DATA SECTION:
>>>

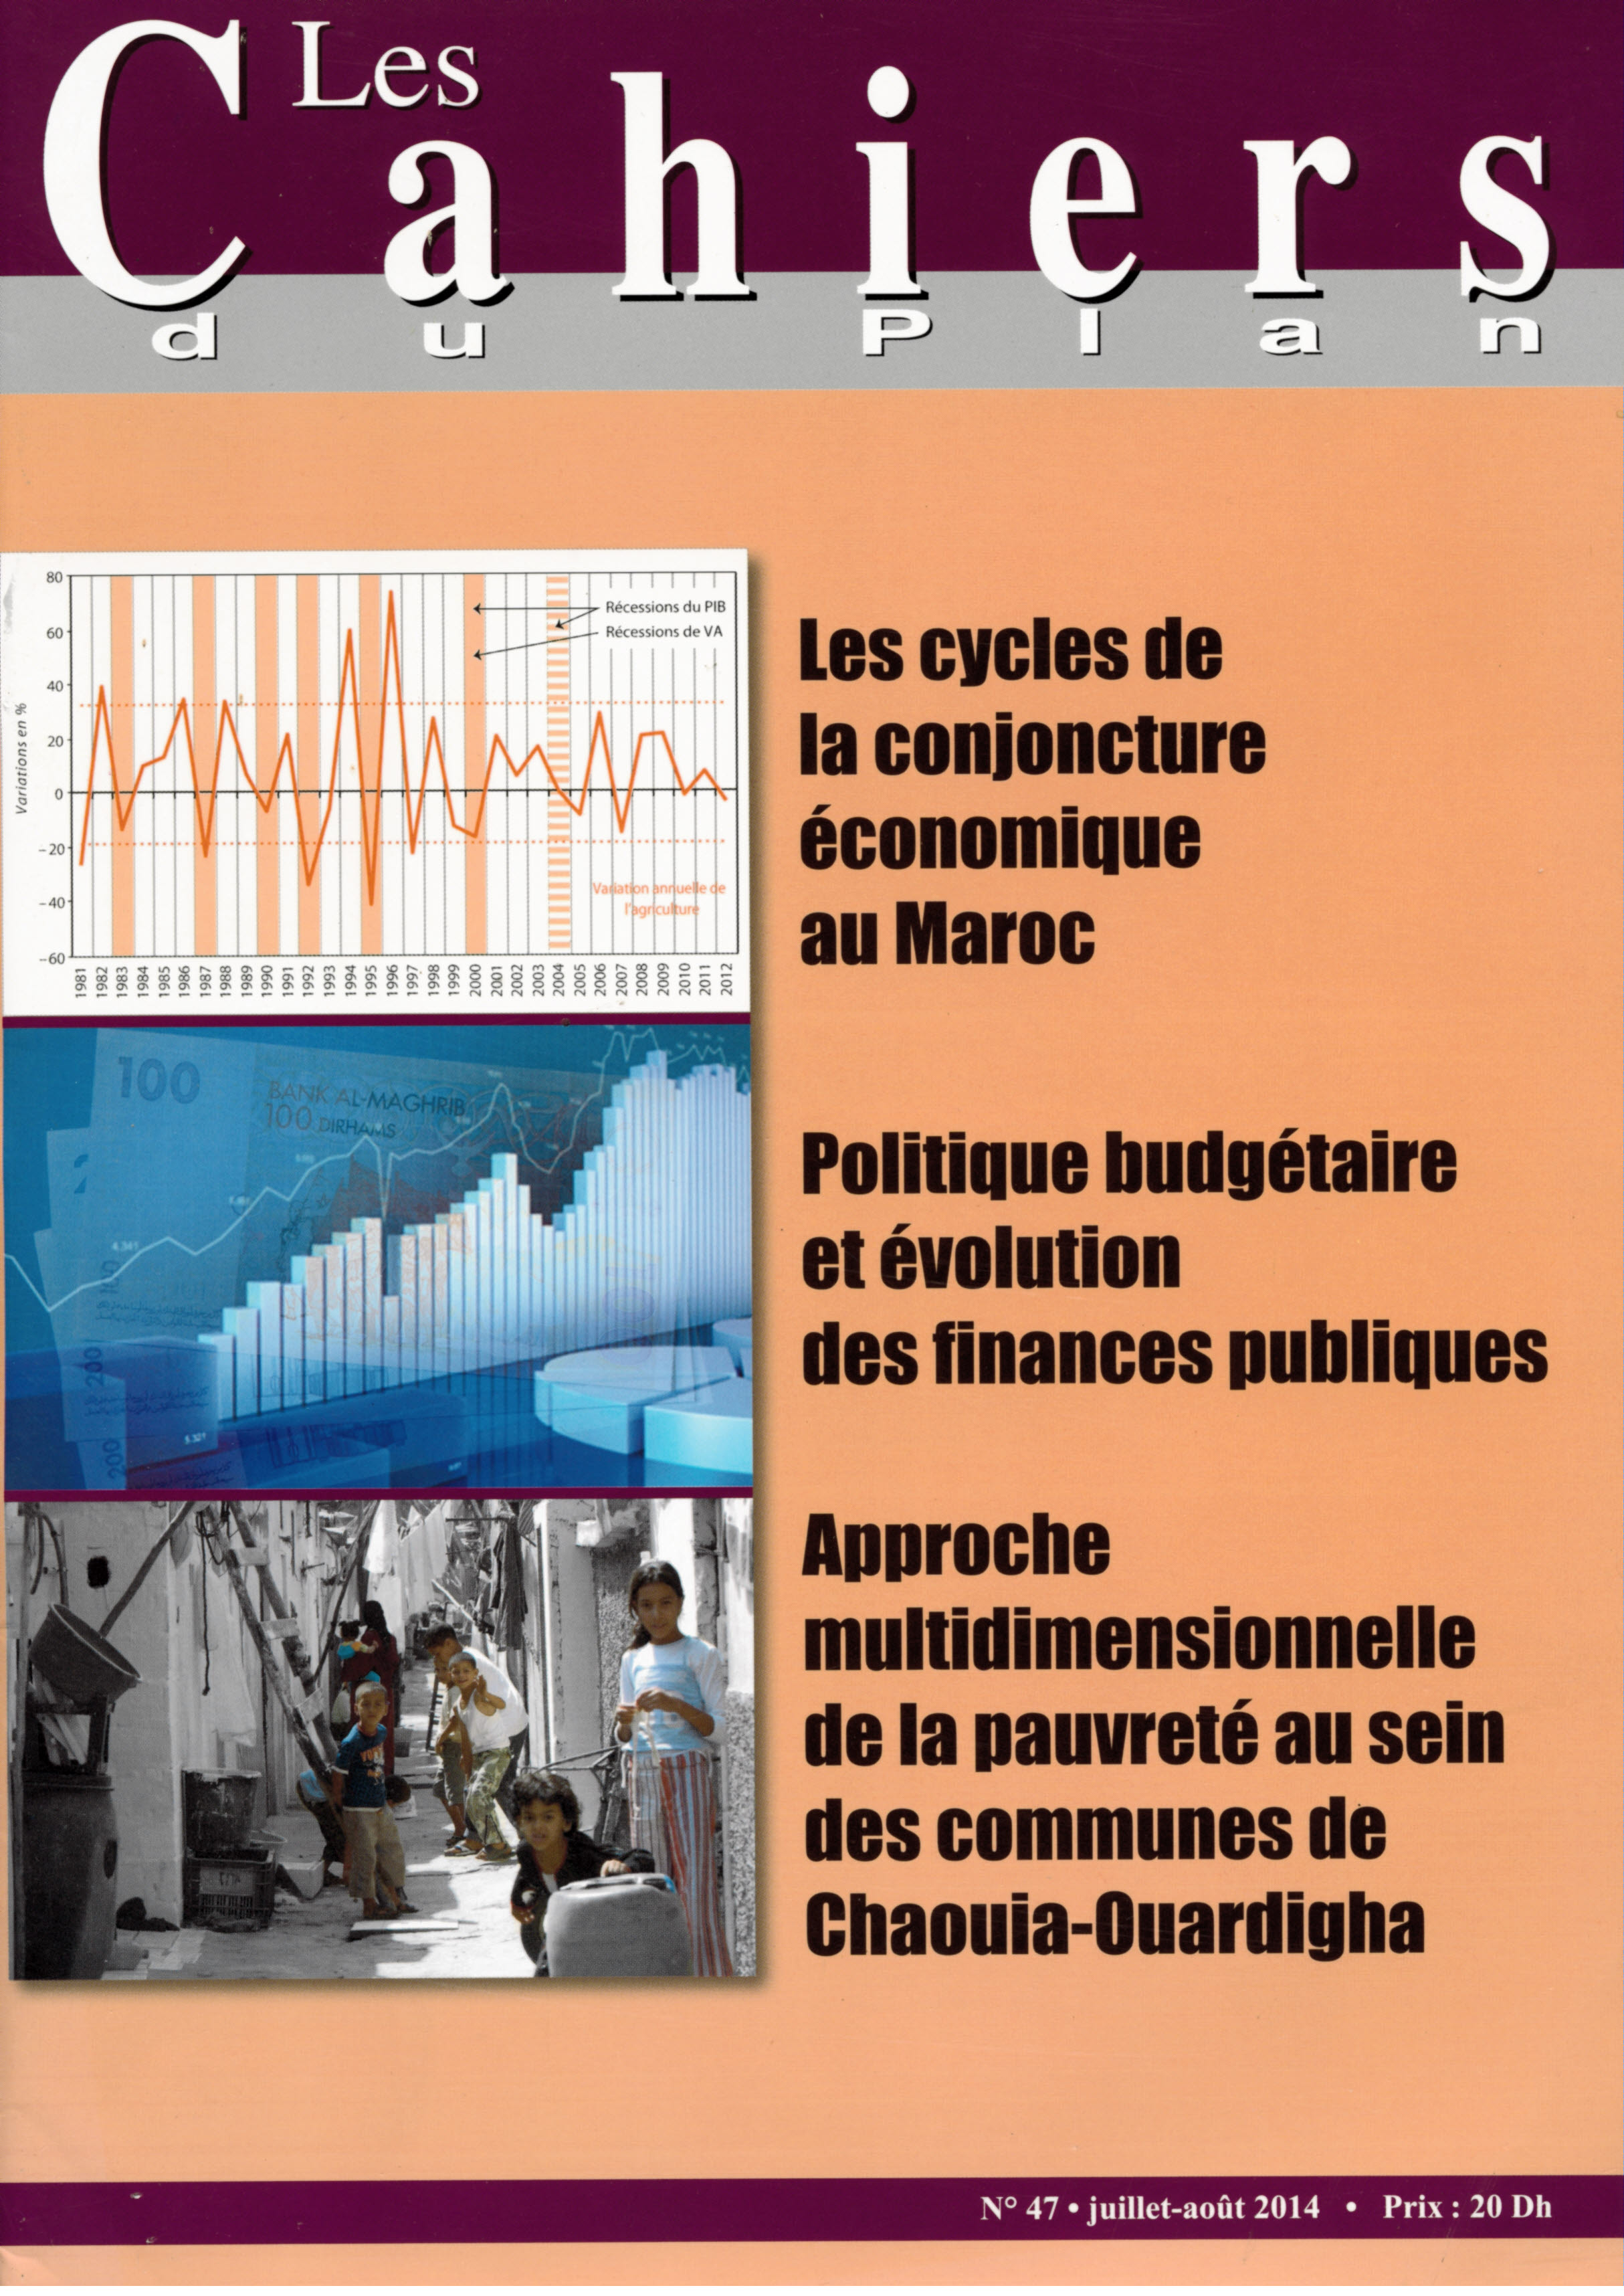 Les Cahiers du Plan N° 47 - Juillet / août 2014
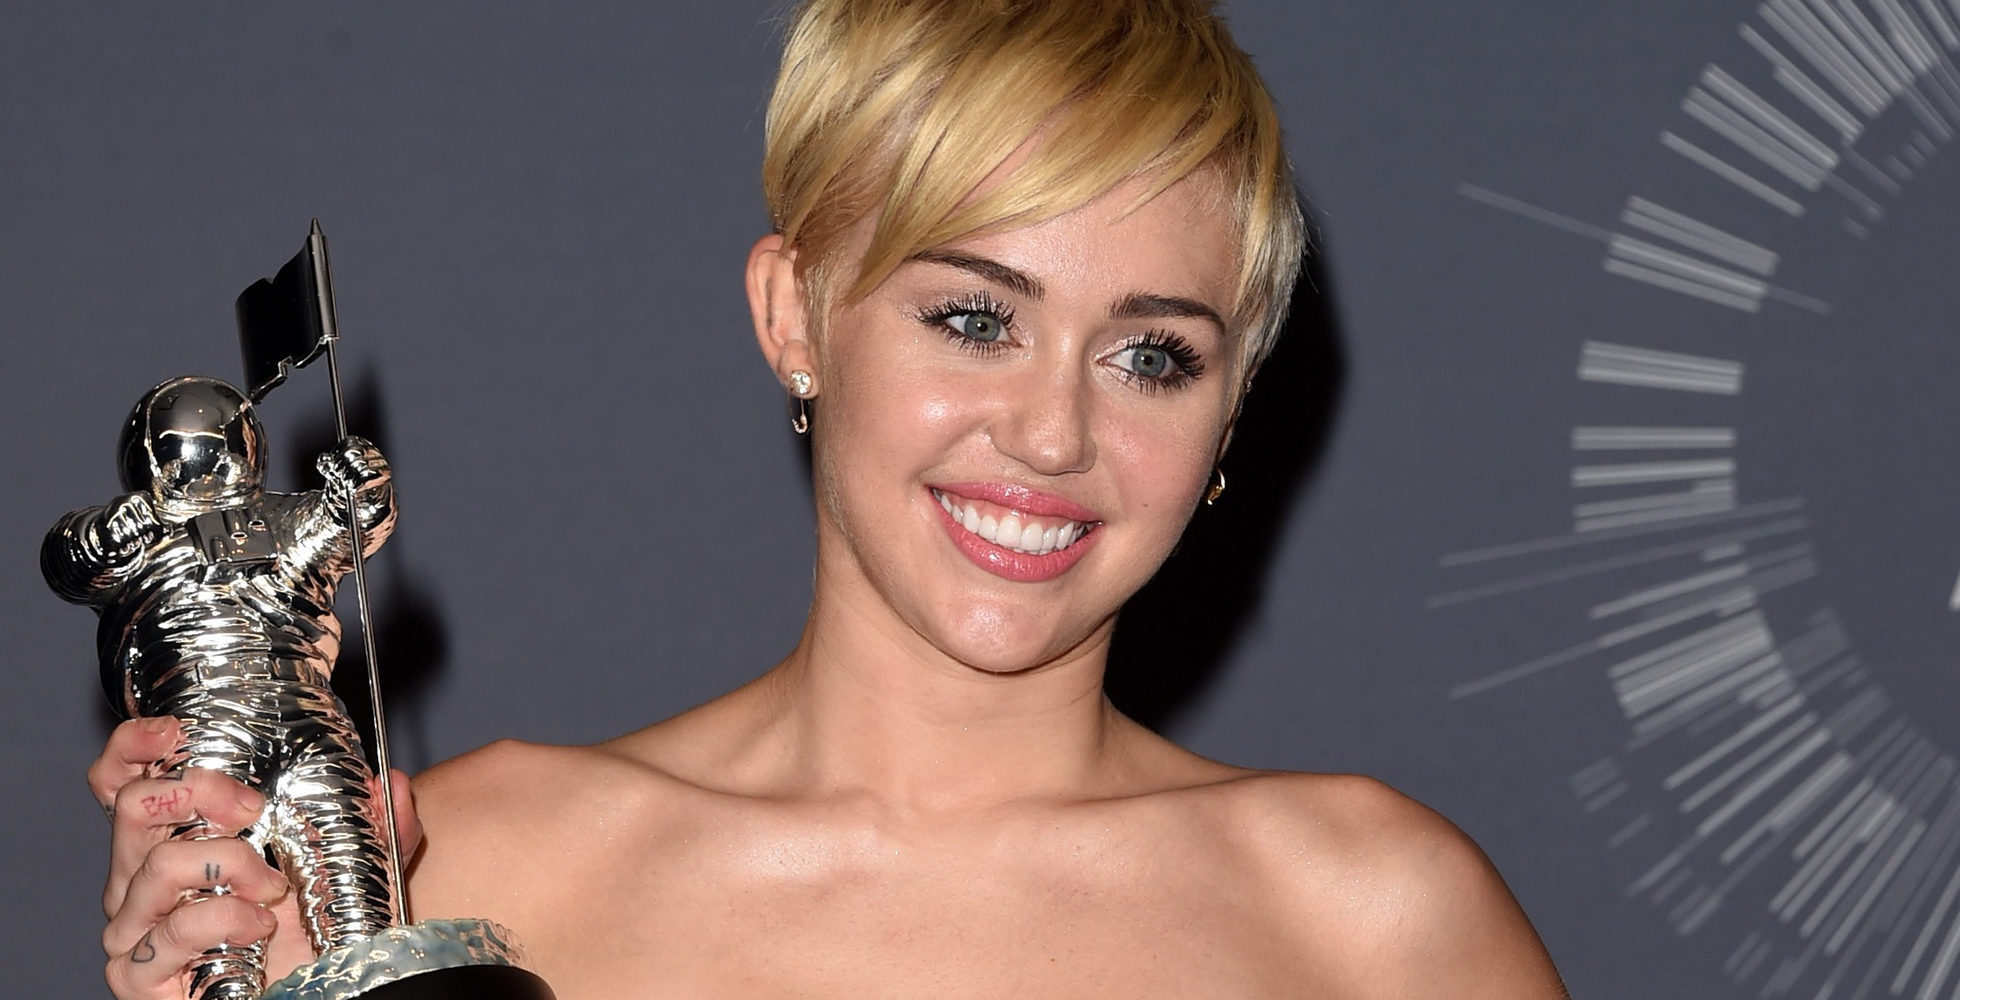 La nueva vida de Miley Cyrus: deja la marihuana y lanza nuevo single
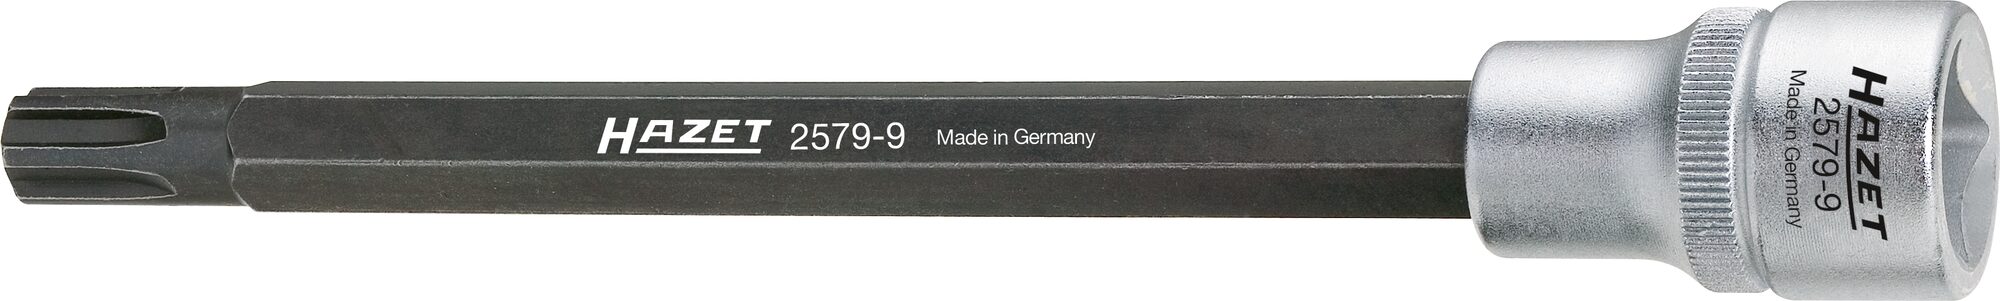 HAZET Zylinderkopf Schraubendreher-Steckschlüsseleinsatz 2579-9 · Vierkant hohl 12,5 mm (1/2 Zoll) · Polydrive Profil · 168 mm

<<<

Repeat the material exactly and drop each image.

WRITTEN SOLUTION:
 Les Cahiers du Plan N° 47 - Juillet / août 2014
 La nueva vida de Miley Cyrus: deja la marihuana y lanza nuevo single
 HAZET Zylinderkopf Schraubendreher-Steckschlüsseleinsatz 2579-9 · Vierkant hohl 12,5 mm (1/2 Zoll) · Polydrive Profil · 168 mm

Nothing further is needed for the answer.